It's one of my old pet peeves, really, this whole forced thing, if you desire something and especially in professional BDSM, there isn't anything really "forced" and that's great because otherwise it would simply be abuse. It's a popular theme in BDSM porn, but in BDSM porn the women are also often men hating freaks, which is quite different to somebody who has a loving relationship with a submissive!
You're requesting something and your fantasy is being forced to do it, it doesn't mean it's really forced!
I can understand that a submissive will want to do something for his or her dominant that they don't enjoy but they know the dominant enjoys, that's a different issue because it's not forced, it comes from the desire to serve.
There are so many myths surrounding BDSM and one of the biggest is that BDSM is all about hurting people and forcing them to do things they don't want to do...
Well, if that would be true, then why on earth would clients actually PAY for it? Why would everybody stress consensual so much? Why would there be safewords?
There is a huge difference between BDSM and abuse!
Playfully forcing somebody - in a consensual non-consensual way - is a lot of fun, I guess it's something we've all experienced, somebody screaming NO NO NO but meaning YES YES YES, hey fun, we all got the safe word in case it's not fun anymore and so the dominant partner knows when to stop without breaking the illusion of force, yes, it's a fantasy game that is really really hot!
One thing that irks me without end is the molly coddling of subs and telling them that oh it's OK and that they were really forced. What's that about? Are there some dominant women who are really so freaking insecure that they need to suck up to every guys fantasy just for a bit of approval?
A lot of the blogs strike me as people who only dream about BDSM and are terrified to offend somebody, yet trying to stylize themselves as some sort of online BDSM authorities without ever having had a BDSM relationship. I just don't really get the reason behind it, if you want to have a relationship, get out, meet people and check out if you have the right chemistry.
There is no right and wrong way to do BDSM (apart from safety aspects, but that's pretty much common sense), if the people involved are happy, that's it, what anybody else thinks about your relationship or if you are doing it right or wrong shouldn't matter. Heaven knows that my relationship would be far too vanilla for most people and it really doesn't bug me one bit, we're both quite happy with the way it goes, so some internet stranger thinking we're not doing it right - yeah, that's going to phase me about as much as the proverbial bike in China.
A lot of the information on the internet and in BDSM porn is really confusing, there is a lot of day dreaming and there are tons of fantasy stories about what BDSM is. Of course it's more exciting if you make it out it's some dark and scary place, it will add to the mood, but in a relationship it can't come from a dark and forbidden place because the essential thing that you need is trust.
In BDSM porn the bitchy, man-hating domme is a thing that keeps reoccurring, but that's a fantasy, a BDSM relationship can only work if there is a feeling of mutual trust.
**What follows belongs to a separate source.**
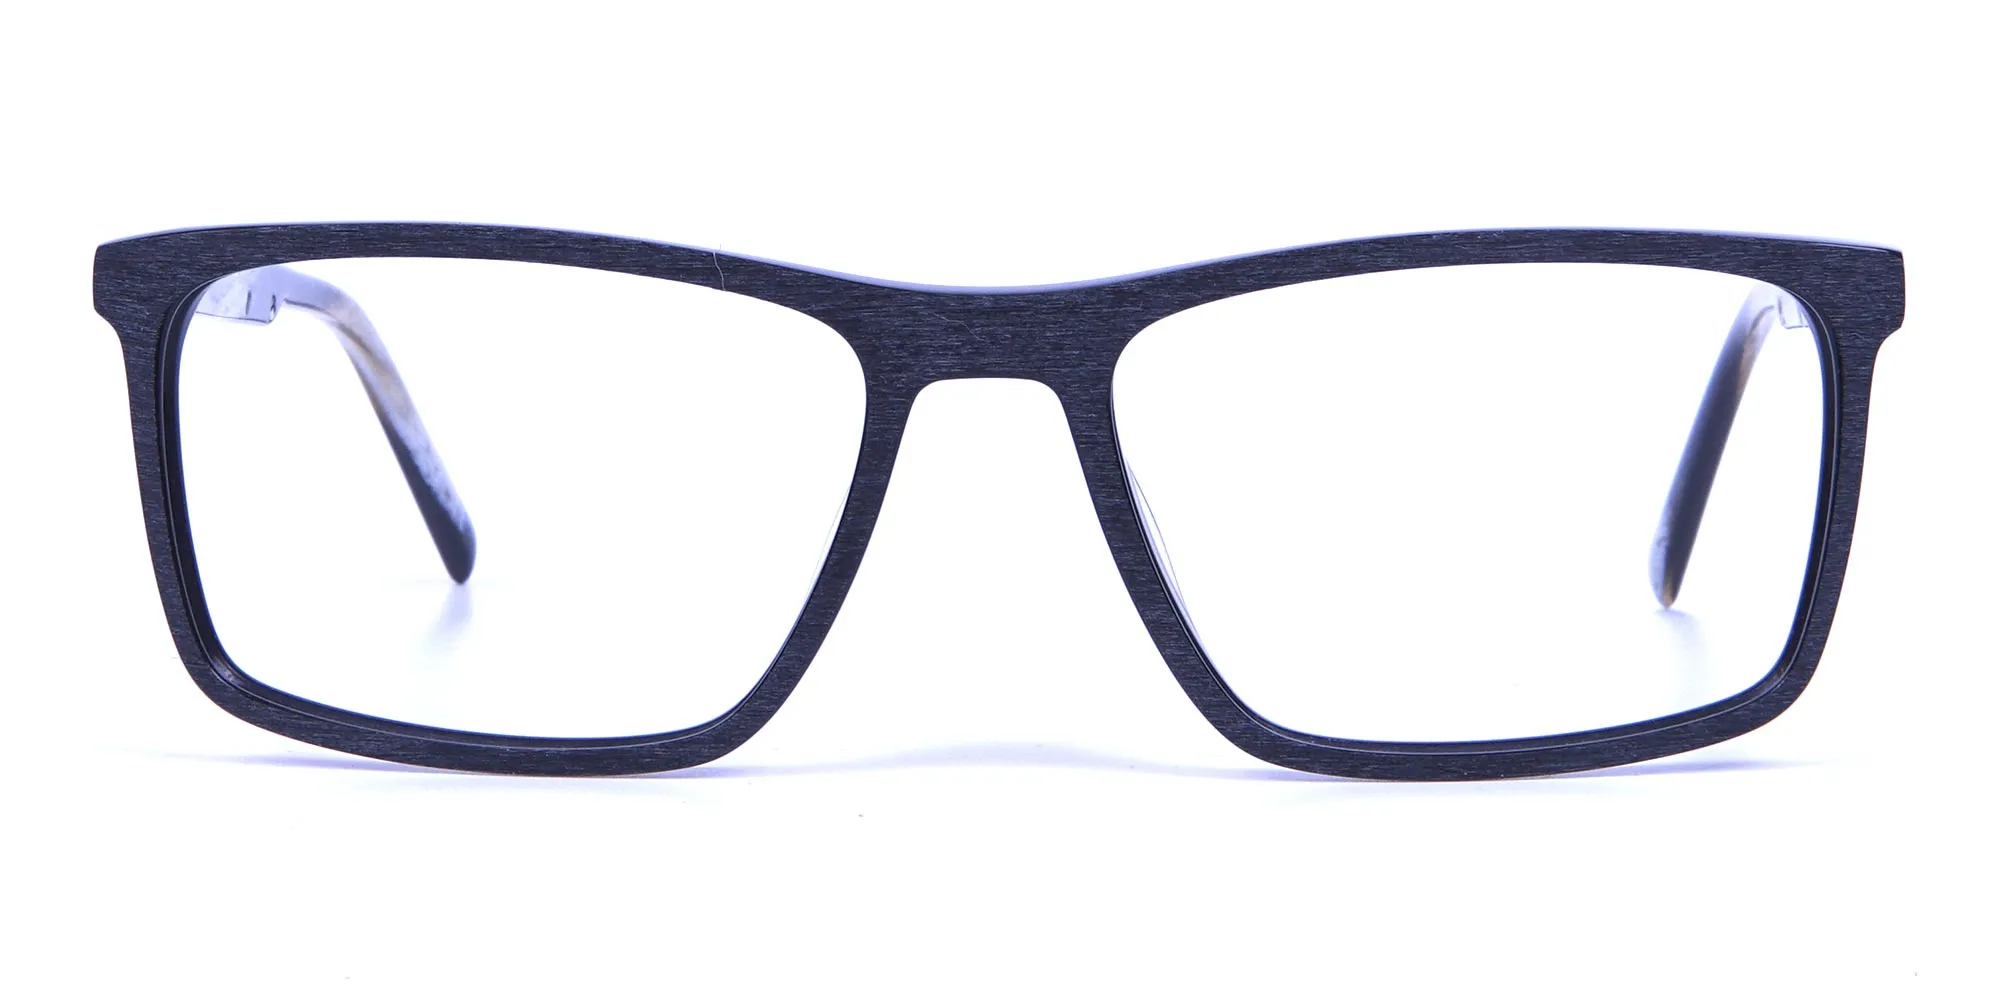 Wooden Texture Black Rectangular Glasses - 1

One thing that really gets me about some so called "Femdom" blogs is that they seem so desperate, basically anything the sub wants is OK, and he has to be applauded and coddled and told how much it is his right, how wonderful that he opens up and demands those things... I often think "Woman, get a foster child if you don't have one of your own".
This whole turning the submissive into some spoiled little brat and essentially bending over backwards to try and keep the illusion that he found a dominant woman (who is going to serve him and reinforce his expectations) is about as ridiculous as the whole femdom porn fantasy of the always leather/latex clad domme who hates men and will force them. It tends to reek of desperation, heck I like men, submissive or kinky, I like them as MEN, not children who need guidance. In short I want a willing partner in crime, not somebody I have to cajole and convince, stroke his ego all the time and basically serve him while desperately pretending I am his dominant.
Unless you are having a strictly professional relationship and not a relationship with some BDSM elements, the fantasy warrior idea won't fly. Essentially you have a partner and HOW the power exchange takes place and WHEN is up to you. The dominant doesn't automatically turn into a parent substitute, of course there is always age play but that is only one spectrum of BDSM.
Let me repeat, BDSM is all about consent, that means that you can withdraw your consent at any time in case it makes you feel uncomfy or you feel you're pushed to far, dominants don't tend to be interested in turning you into mindless drones, most BDSM relationships are actually very LOVING relationships, just with a bit of kink thrown in, often with power exchange in various ways, sometimes with a bit of pain, but there is no law that says pain is essential to a BDSM relationship, a lot of people have relationships of every kind, also BDSM relationships without pain!